Donald McClarey: I know that immunity is given for mothers who have aborted their child. That too, is a long time ago.
Some years ago, when my husband divorced me in Superior Court, I claimed the Fifth Amendment. (I honestly do not remember why.) I was told that i could not use the Fifth Amendment in a civil matter. That was in 1978. So, I was flim flammed again.

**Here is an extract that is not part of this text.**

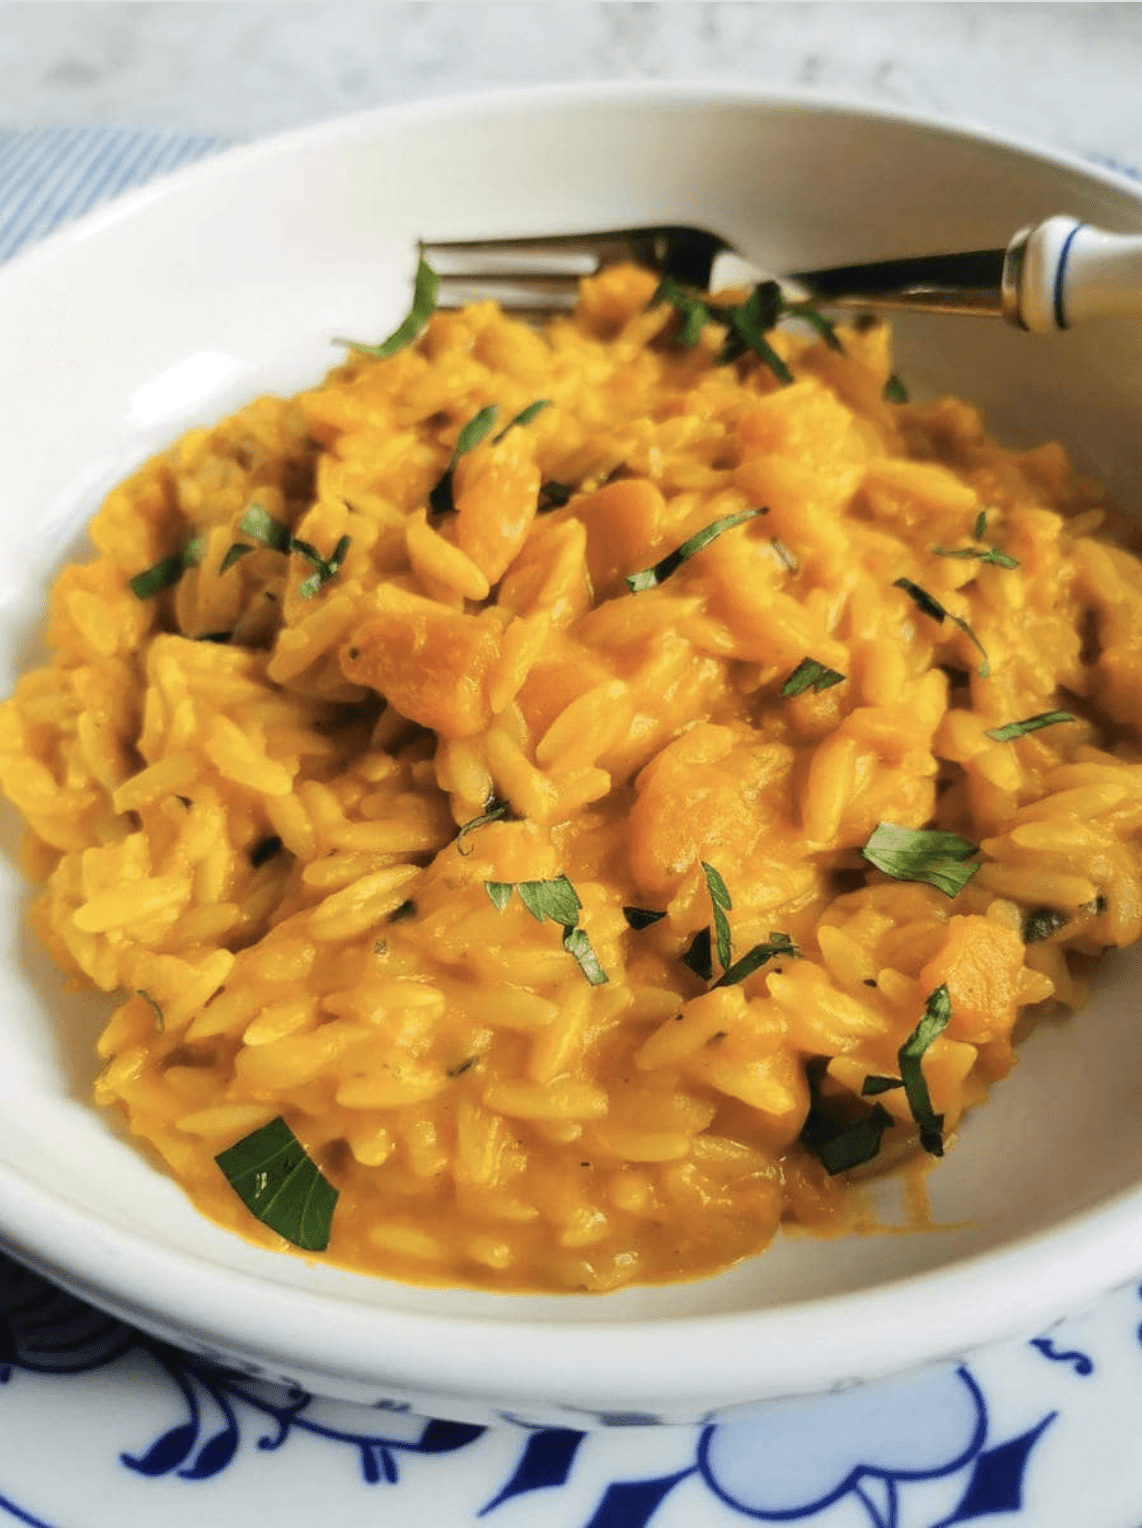 A close-up view of pasta risotto with kabocha squash in a white bowl.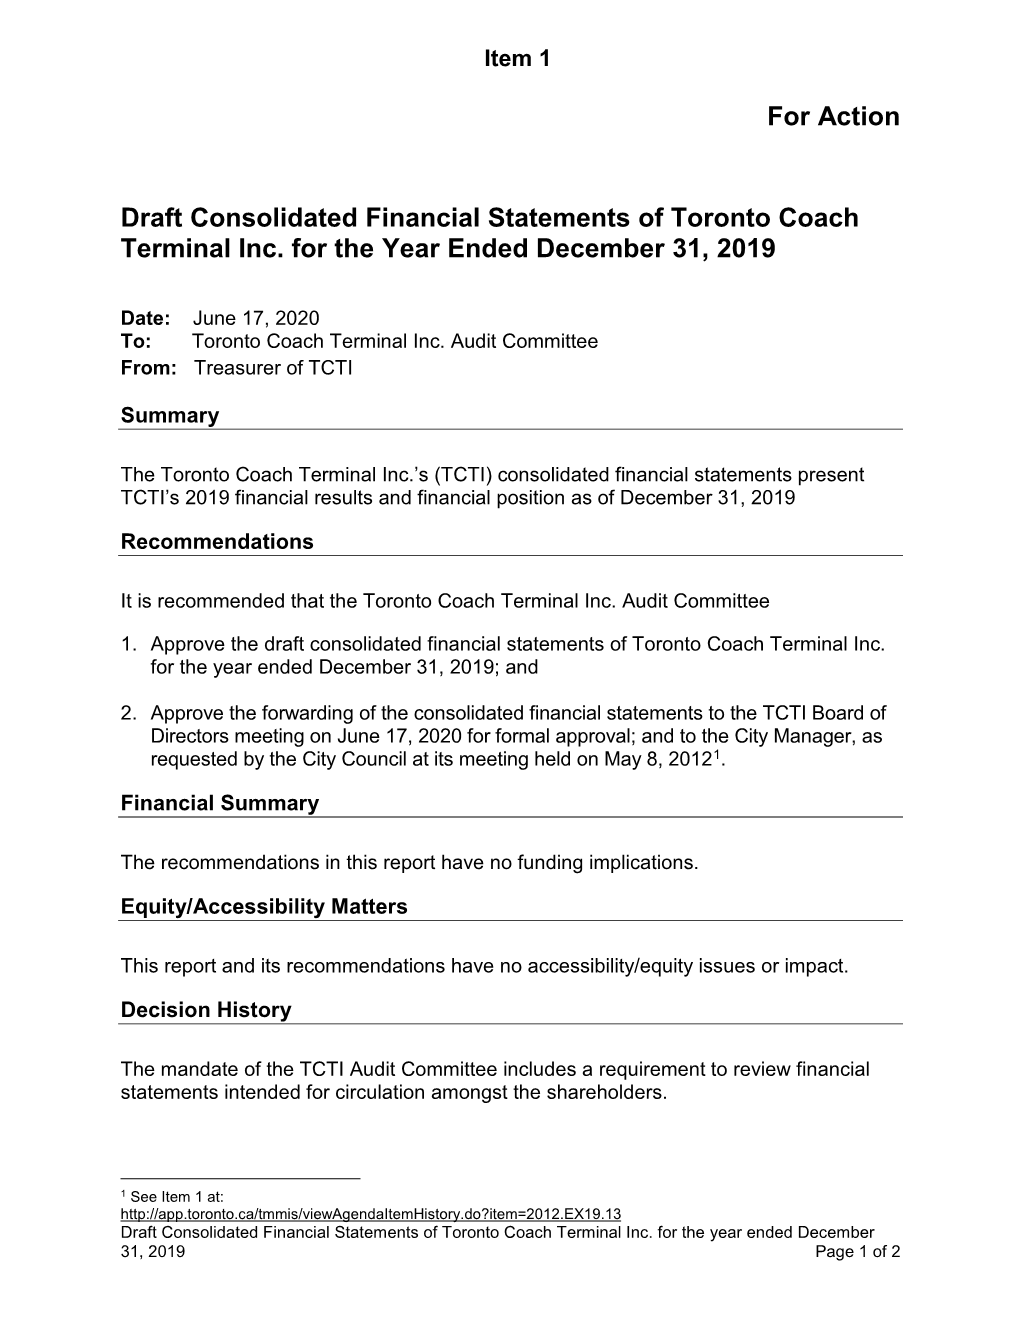 For Action Draft Consolidated Financial Statements of Toronto

Lerner is a public servant. The woman works for us. Can she keep from us the facts of the labor she does for us? That is like the grape pickers keeping the grapes from the vineyard owner.

Mary De Voe
Mary De Voe
Sunday, June 2, AD 2013 8:23pm

more,
Lois Lerner worked for the American taxpayer and she owes us the fruit of her labor. When Lerner takes the Fifth Amendment she denies the taxpayers the facts and ought to be fired for not giving to the taxpayers what they paid for. If this suit is going forward on a civil law basis then a preponderance of credible evidence is all that is required for a guilty verdict in a court of law. Two witnesses establish a judicial fact in a criminal court. It cannot be both ways at the same time.